In 1966, Commoner saw a need to unite physical and social scientists into one cooperative whole focused on the total environment. As a result, he founded Washington University's Center for the Biology of Natural Systems, the first of its kind in the U.S. Commoner is especially pleased with a study of the ecology of ghetto rats that has helped St. Louis health officials eliminate the rodents more effectively. "We could just as well do a study of the fence lizard," Commoner explains, "but that wouldn't be as relevant to human problems."

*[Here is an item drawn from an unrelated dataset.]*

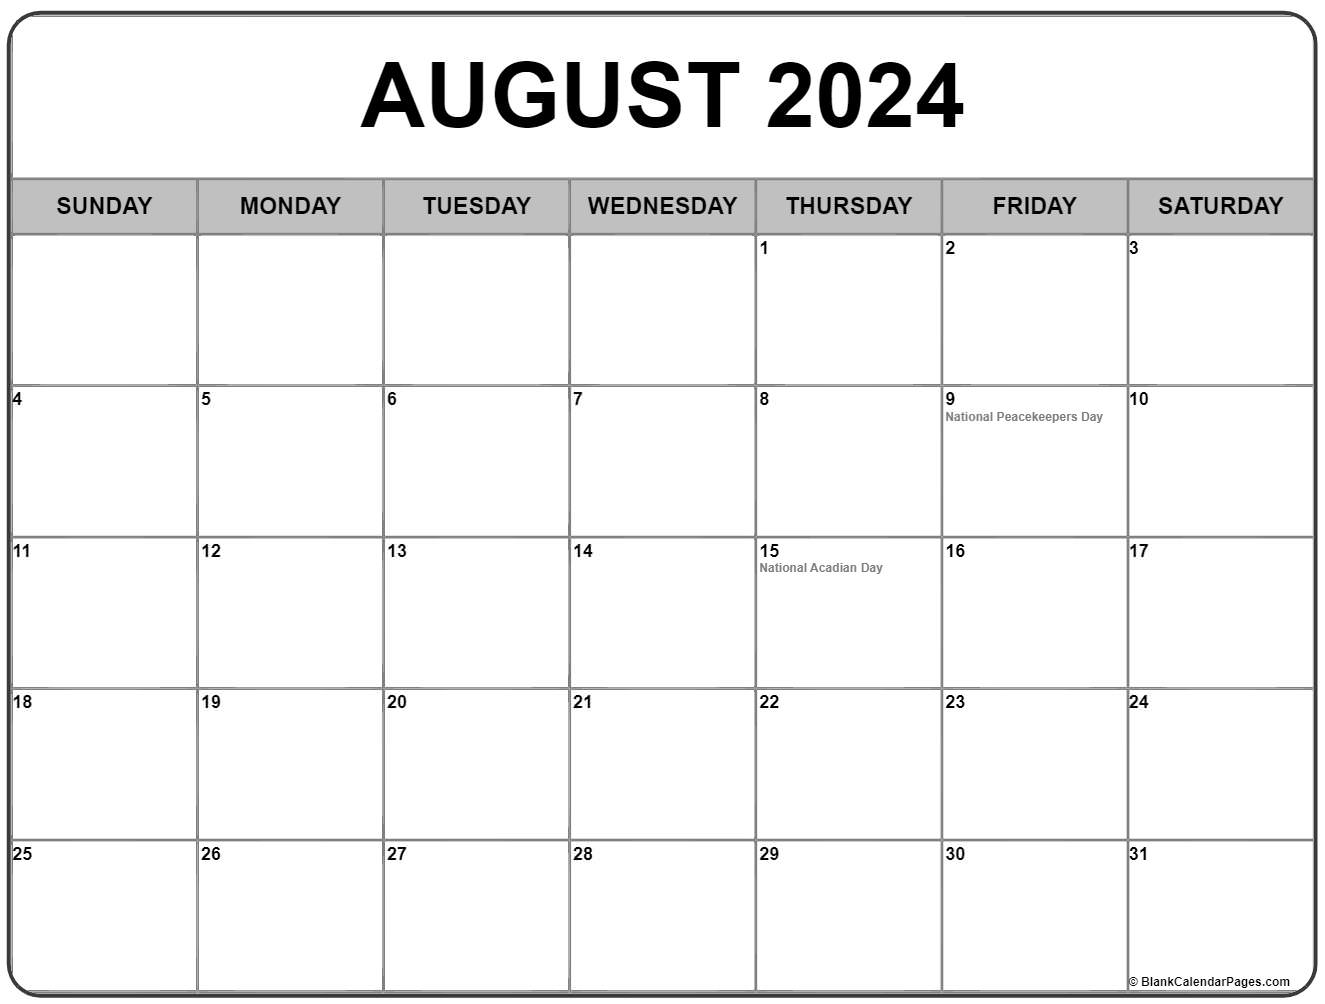 August 2021 calendar with holidays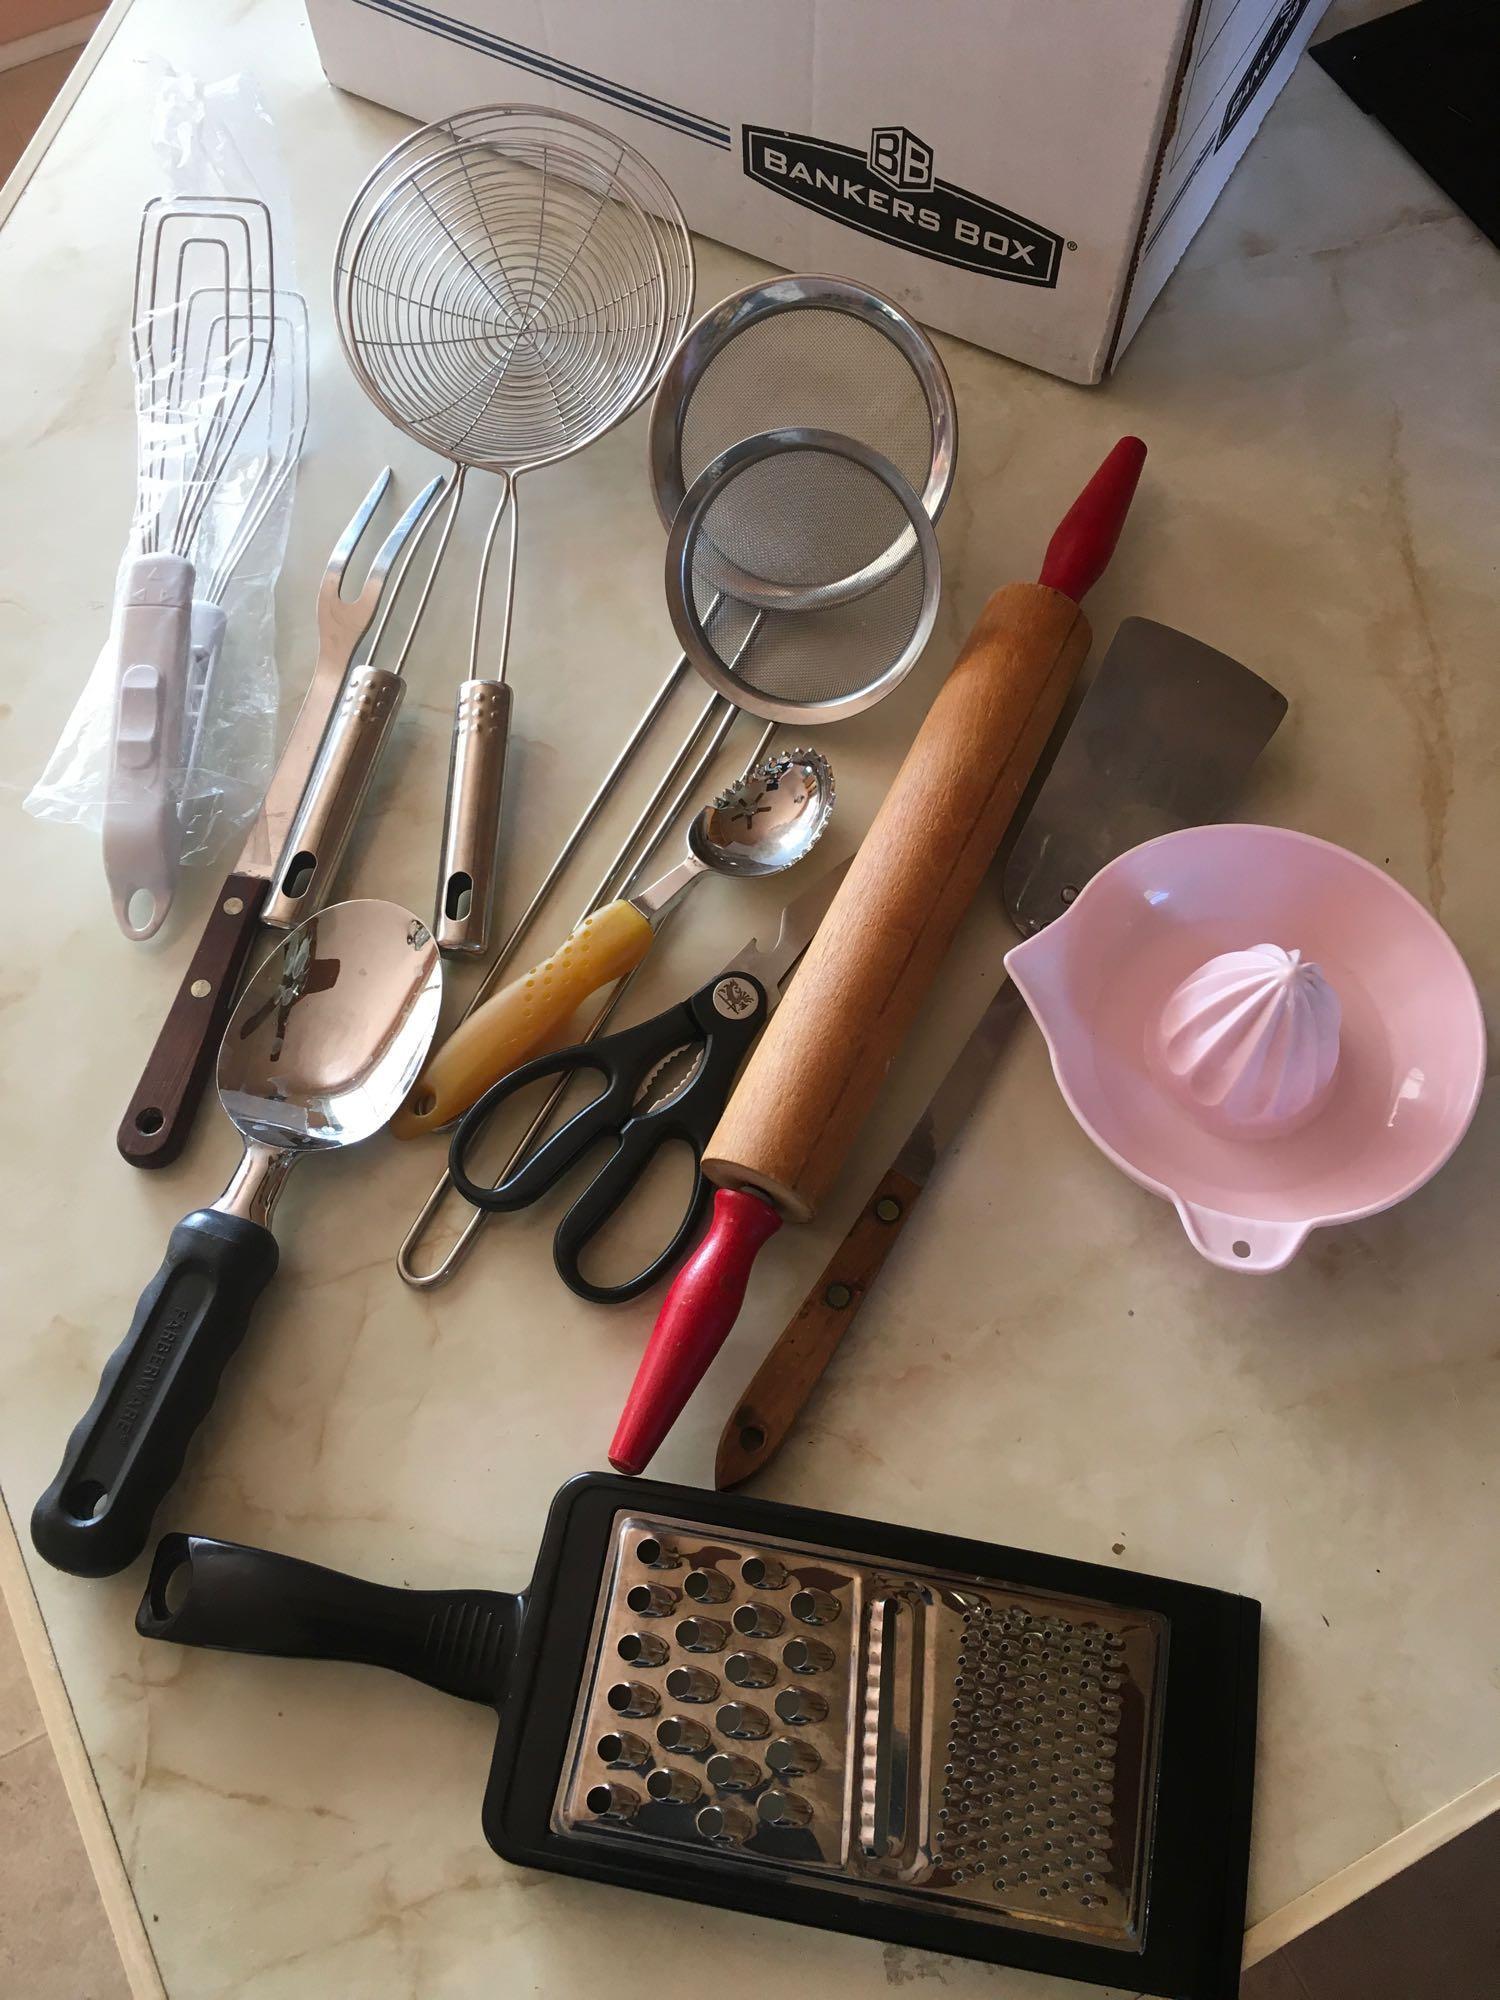 Lot. Assorted kitchen utensils

This insistence on relevance carries over to the classroom. A superb teacher, Commoner is likely to start his popular course in basic biology by asking students from Cleveland: "How is the swimming in Lake Erie?" As the class listens spellbound, he spends the next six weeks deriving most of the principles of biology from that one example. If he cannot save Erie, he has unquestionably turned a notoriously dull subject into one of the liveliest courses around--at least at Washington University.

Unless he is off making another speech, Commoner leaves the office by 6 p.m. and walks a mile and a half to his Mediterranean-style house, where he has a vodka on the rocks with his wife Gloria, a pretty New Yorker who majored in psychology at Oberlin. Gloria once gave him a bicycle to get home faster, but he prefers to walk because "it's a great time to use your head." It also keeps his 5-ft. 11-in. frame trim. Now that his two grown children have left home, he and his wife actually go to movies and the theater. But not much. Commoner dislikes schedules; his workdays seem like a chaos of unorganized activity--at least to outsiders. His view is different: "I've sort of created my own life-style and the main thing is that everything is interrelated. It's like nature and ecosystems --intrinsic complexity."